### Information supplied
---*---

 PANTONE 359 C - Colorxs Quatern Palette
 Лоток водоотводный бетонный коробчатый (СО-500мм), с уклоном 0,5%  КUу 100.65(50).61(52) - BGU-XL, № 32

---*---

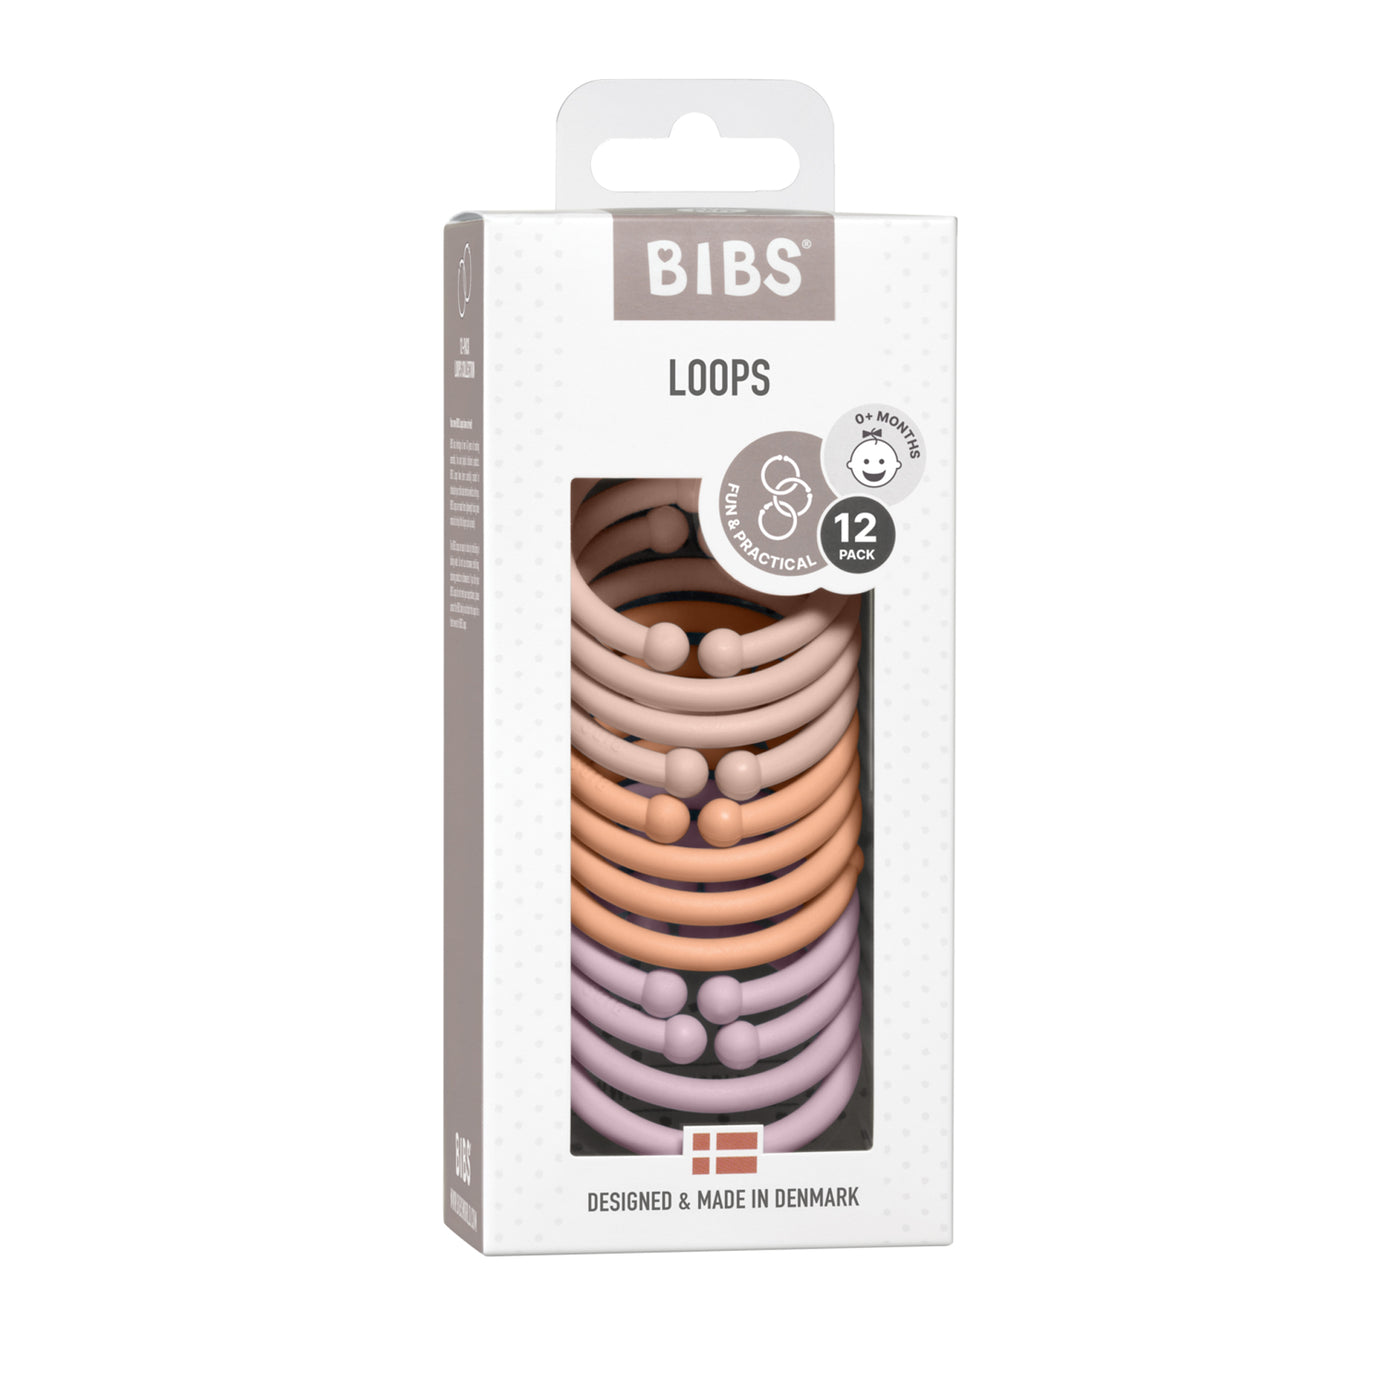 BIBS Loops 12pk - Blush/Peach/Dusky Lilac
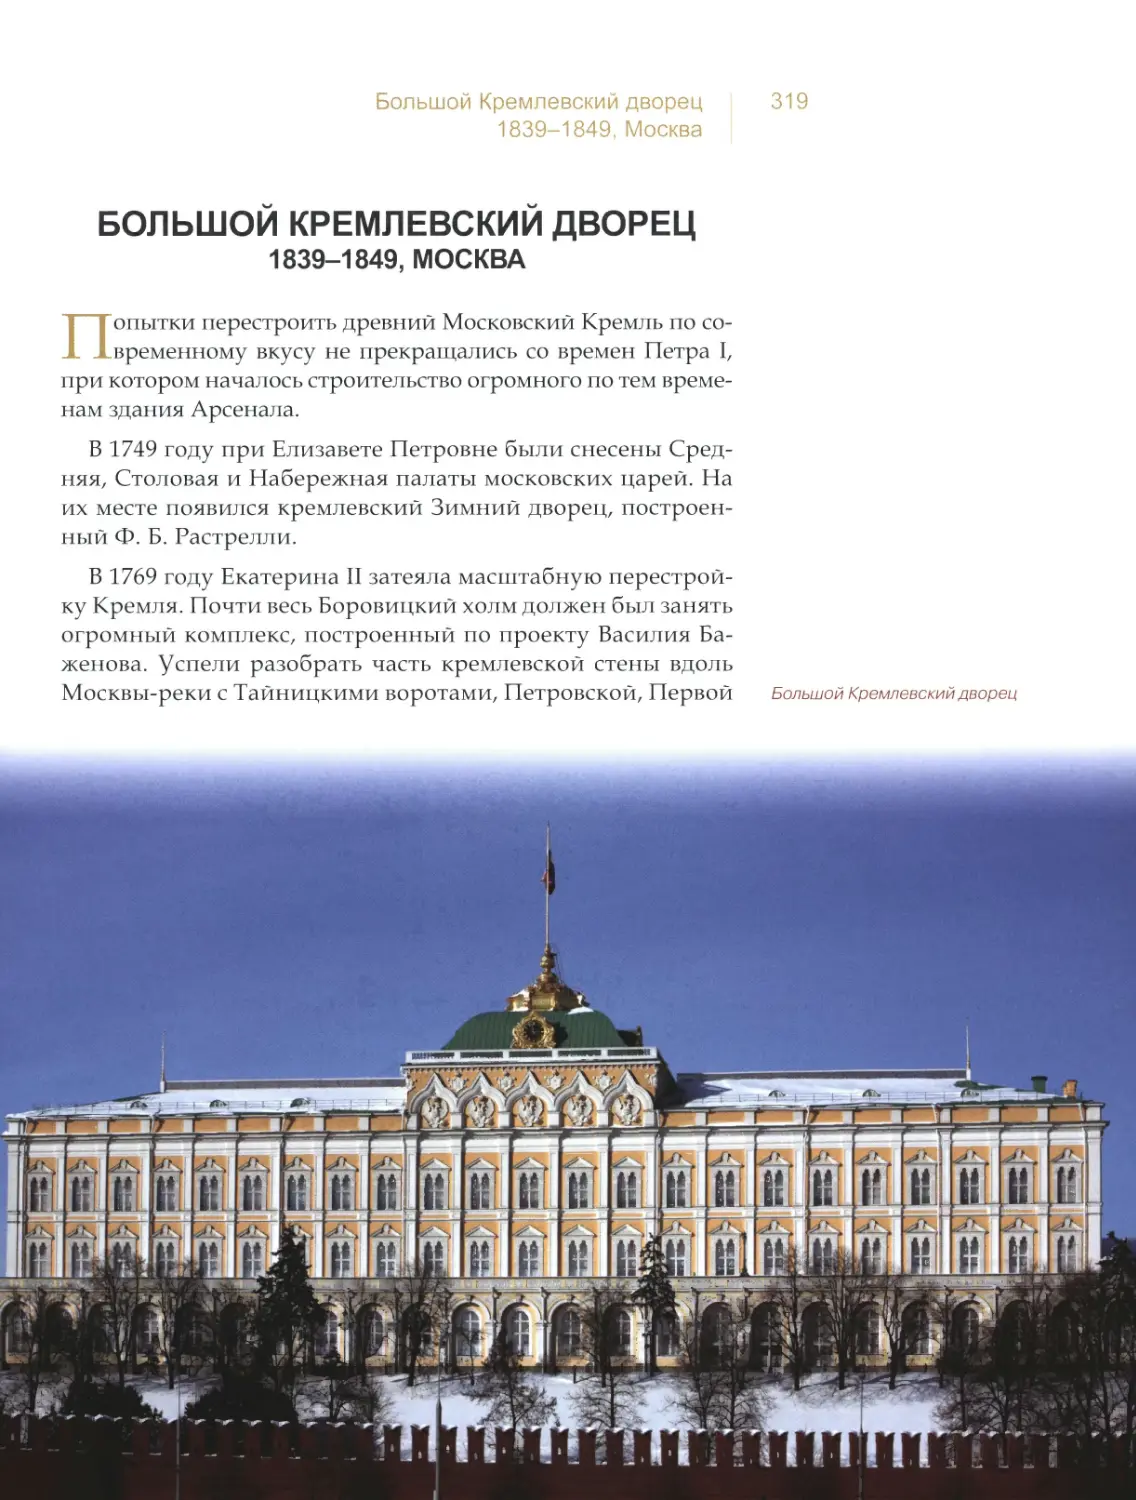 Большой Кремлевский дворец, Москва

---*---

### Exercise goal
Begin at the line in the entries above that has "BIBS Loops 12pk - Blush/Peach/Dusky Lilac", stop after the line that has "Большой Кремлевский дворец, Москва", and output exactly those lines without pictures.

### Exercise answer
 BIBS Loops 12pk - Blush/Peach/Dusky Lilac
 Большой Кремлевский дворец, Москва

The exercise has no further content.